*REQUIREMENT:* Copy out the data that comes next, character for character, and leave the images aside.
### DATA ###
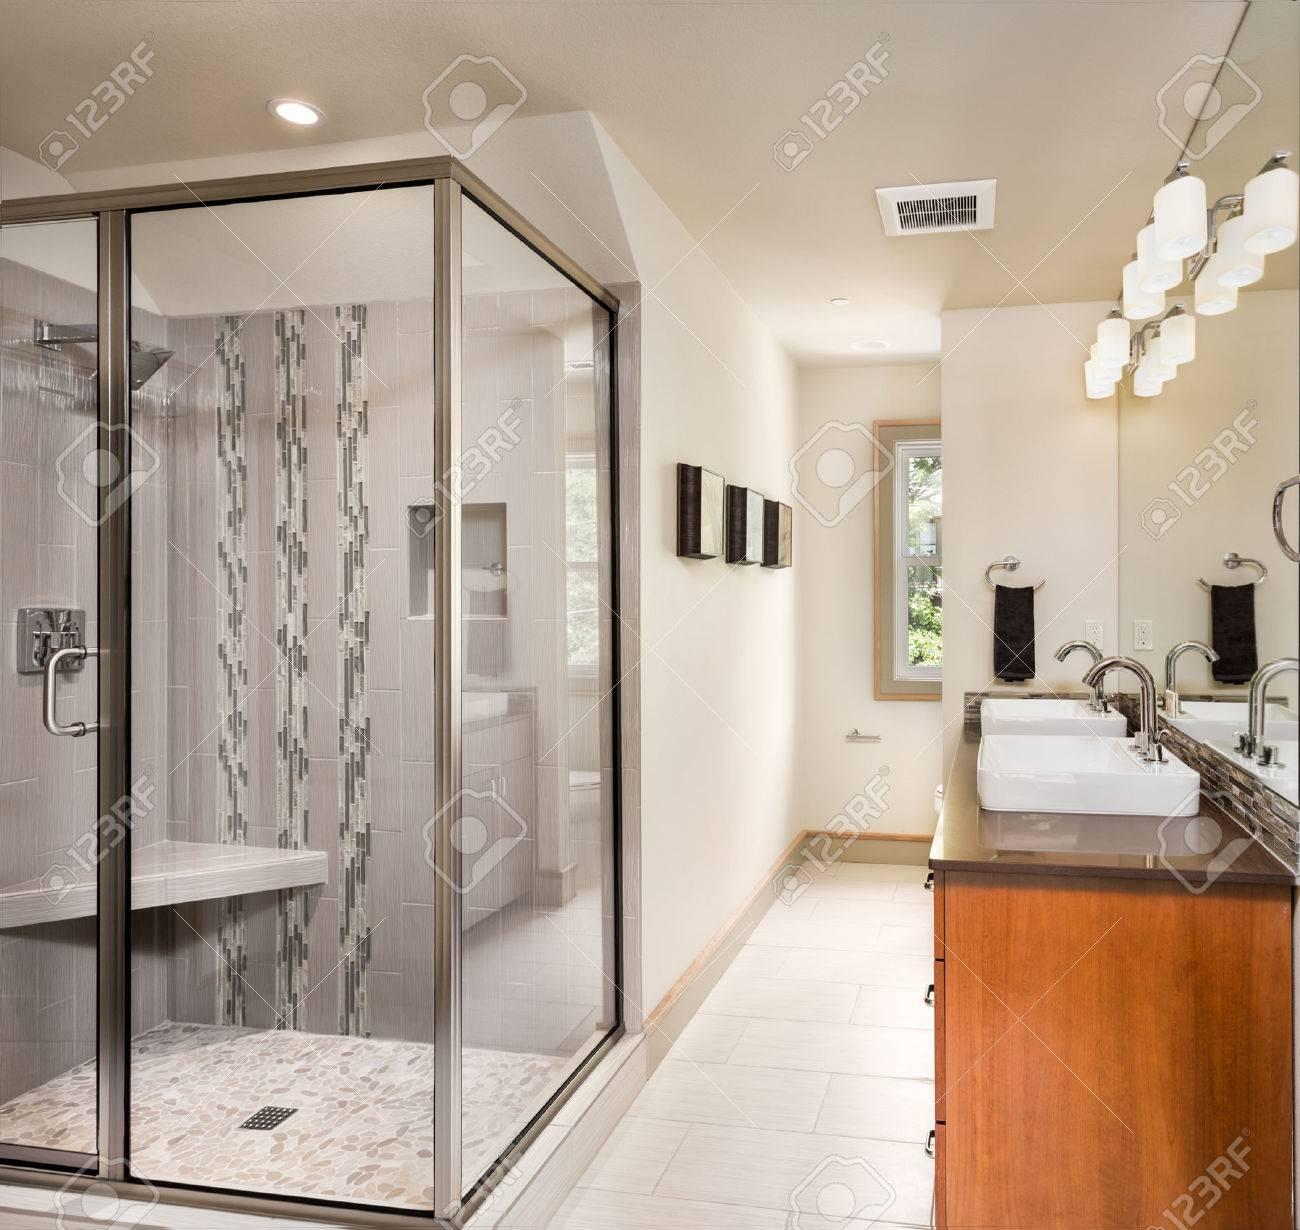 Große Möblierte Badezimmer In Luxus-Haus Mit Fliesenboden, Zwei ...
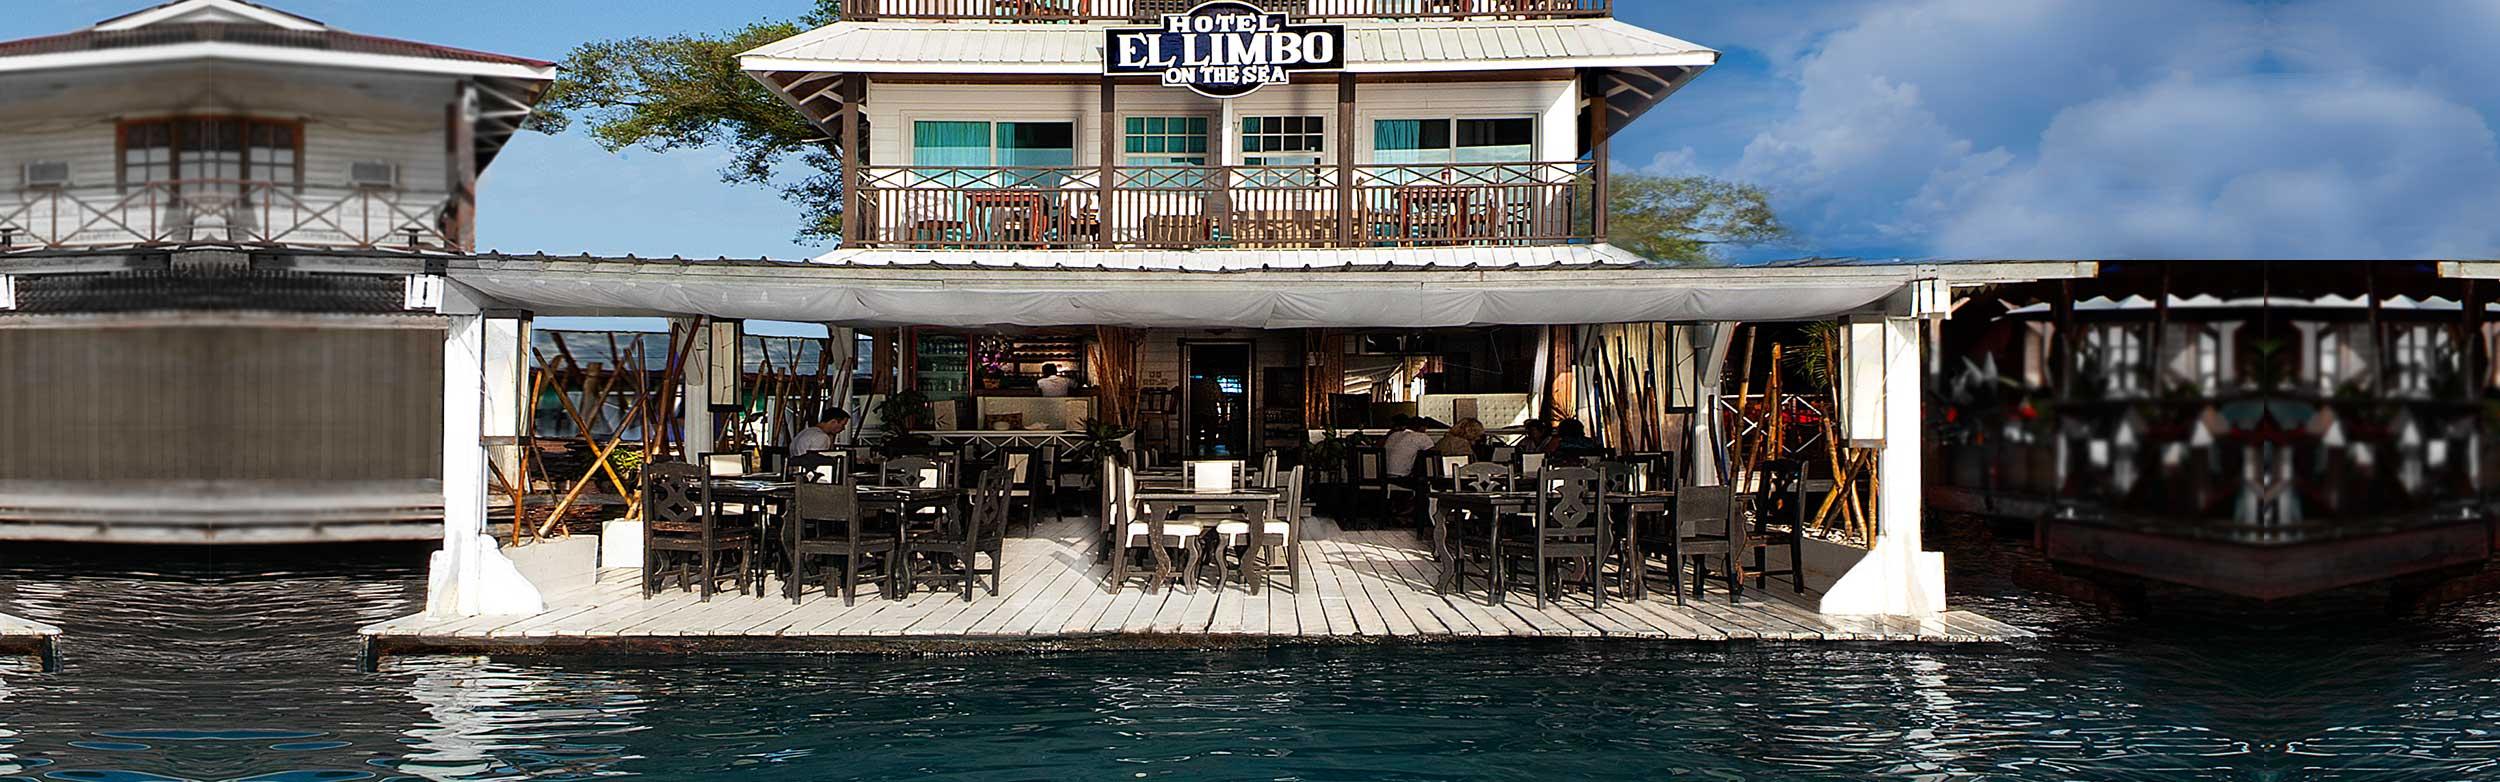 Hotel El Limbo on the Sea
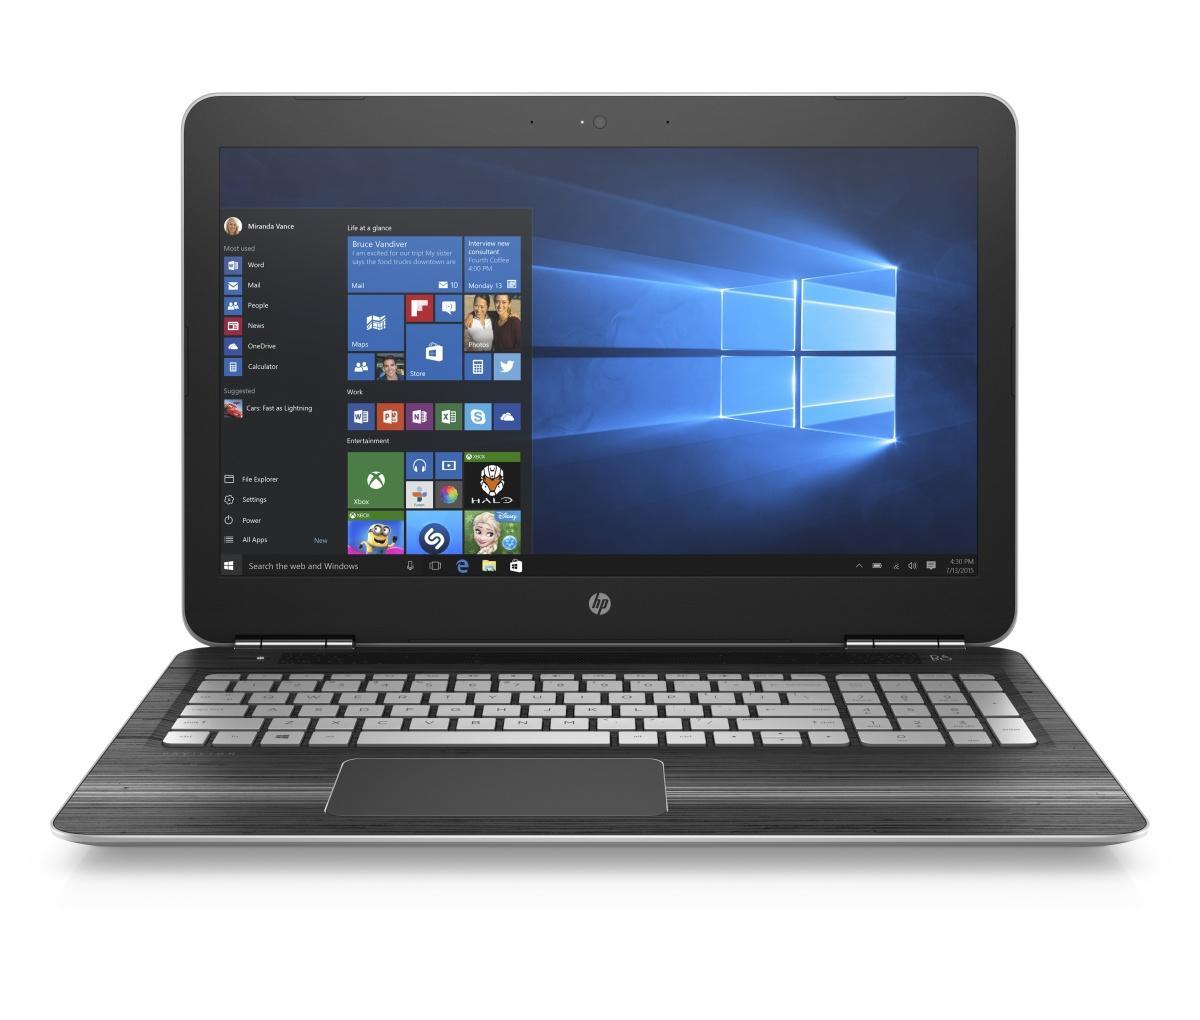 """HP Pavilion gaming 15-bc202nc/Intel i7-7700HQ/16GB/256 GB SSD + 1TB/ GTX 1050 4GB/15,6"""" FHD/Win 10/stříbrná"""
###
*EXERCISE OUTPUT:*
 Große Möblierte Badezimmer In Luxus-Haus Mit Fliesenboden, Zwei ...
 Hotel El Limbo on the Sea
 """HP Pavilion gaming 15-bc202nc/Intel i7-7700HQ/16GB/256 GB SSD + 1TB/ GTX 1050 4GB/15,6"""" FHD/Win 10/stříbrná"""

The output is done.